Special properties of binary classification and greedy algorithms enable speedup.
An algorithm that performs sparse linear discriminant analysis (Sparse-LDA) finds near-optimal solutions in far less time than the prior art when specialized to binary classification (of 2 classes). Sparse-LDA is a type of feature- or variable-selection problem with numerous applications in statistics, machine learning, computer vision, computational finance, operations research, and bioinformatics. Because of its combinatorial nature, feature- or variable-selection problems are “NP-hard” or computationally intractable in cases involving more than 30 variables or features. Therefore, one typically seeks approximate solutions by means of greedy search algorithms.

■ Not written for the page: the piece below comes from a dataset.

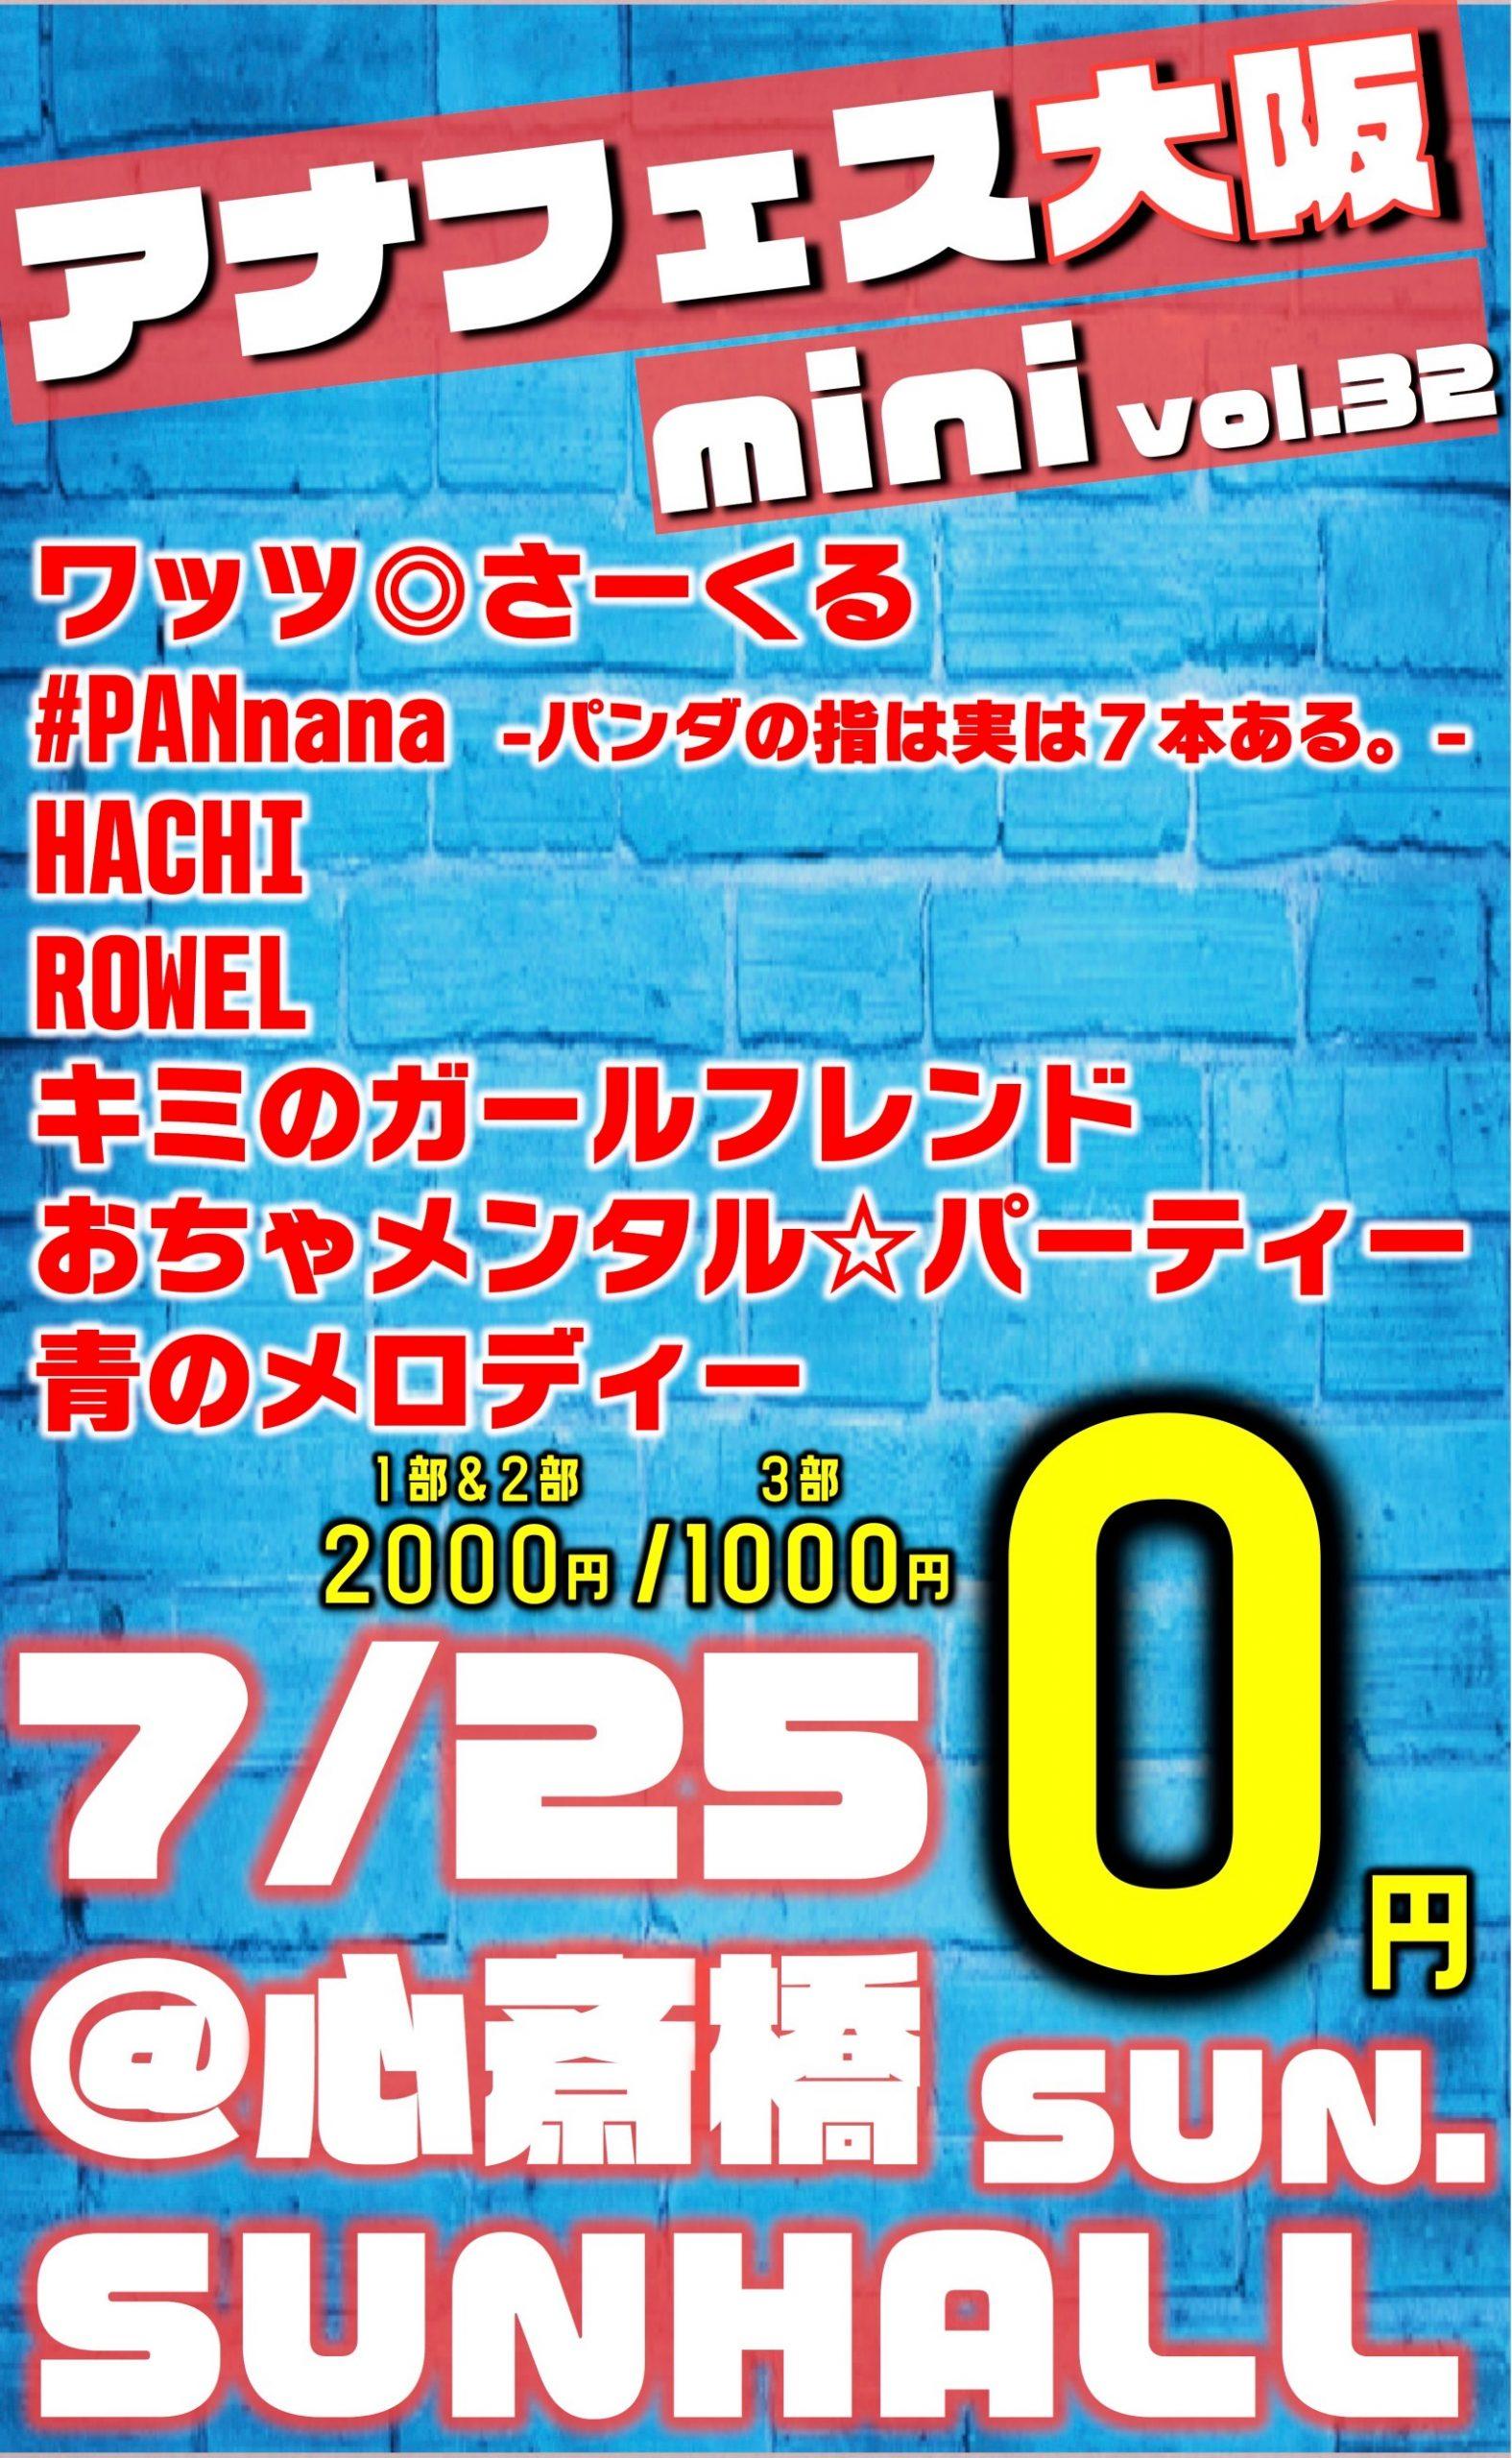 アナフェス大阪mini vol.32 〜大阪無銭〜

Sparse LDA requires solving generalized eigenvalue problems for a large number of variable subsets (represented by the submatrices of the input within-class and between-class covariance matrices). In the general (full-rank) case, the amount of computation scales at least cubically with the number of variables and thus the size of the problems that can be solved is limited accordingly. However, in binary classification, the principal eigenvalues can be found using a special analytic formula, without resorting to costly iterative techniques. The present algorithm exploits this analytic form along with the inherent sequential nature of greedy search itself. Together this enables the use of highly-efficient partitioned-matrix-inverse techniques that result in large speedups of computation in both the forward-selection and backward-elimination stages of greedy algorithms in general.
This work was done by Baback Moghaddam of Caltech for NASA’s Jet Propulsion Laboratory.